Presflo and Prestwin were the designation for two types of goods wagon designed by British Railways in the 1950s for the carriage of powdered goods. The Presflo design was specifically for carriage of powdered cement but wagons to this design were subsequently used to transport other powdered commodities. The later Prestwin wagons were designed to overcome problems encountered with using the Presflo design for certain powdered commodities. Both types of wagon were loaded by gravity but unloaded using compressed air.

==Presflo==
While the Ideal Stock Committee reviewed the existing wagon designs inherited by British Railways and recommended which pre-nationalisation designs should either be continued or developed, there were also occasions where a need was identified that could not be met by an existing wagon designs such as the need for the bulk transport of cement powder, a commodity that had previously been carried bagged in vans.

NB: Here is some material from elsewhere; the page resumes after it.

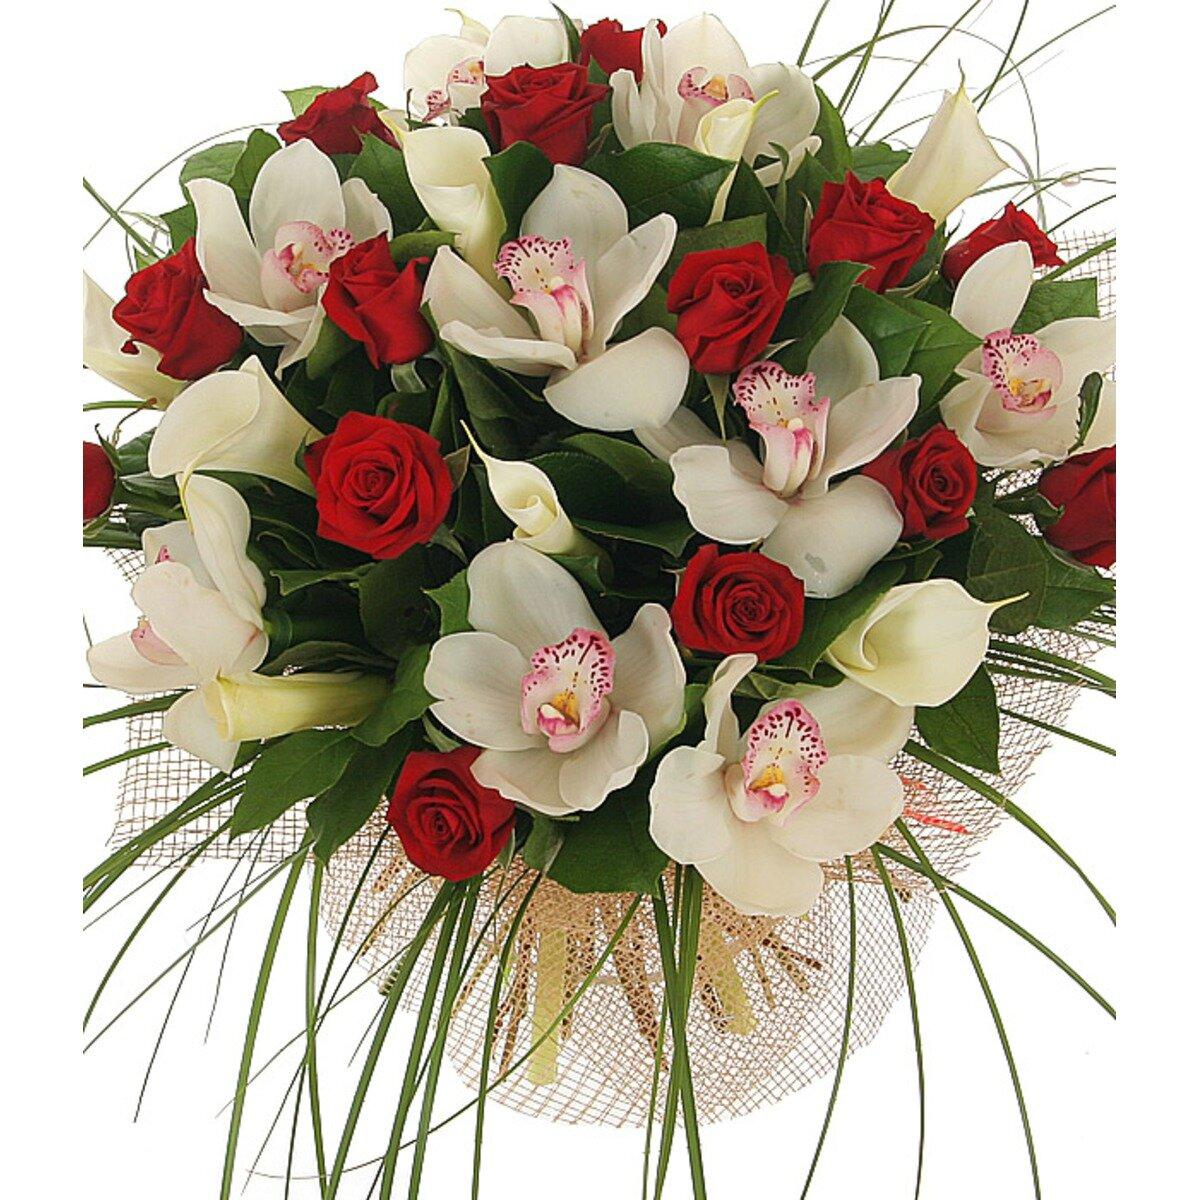 Заказ цветов орхидеи через интернет

Presflo is short for Pressure flow, and the designation came about as the design of wagon features air fluidisation, a system that pumps air into the powder under pressure to loosen it and prevent clumping, thus allowing the powder to be drained from the wagon efficiently. The distinctive external ribs were designed to strengthen the wagon to prevent it collapsing when unloading. The wagon itself was 16 ft 6 in over headstocks on a 10 ft 6 in wheelbase chassis. The wagon was not symmetrical, with both the access ladder and the discharge pipe only at one end. The total capacity of powder was 611 cuft.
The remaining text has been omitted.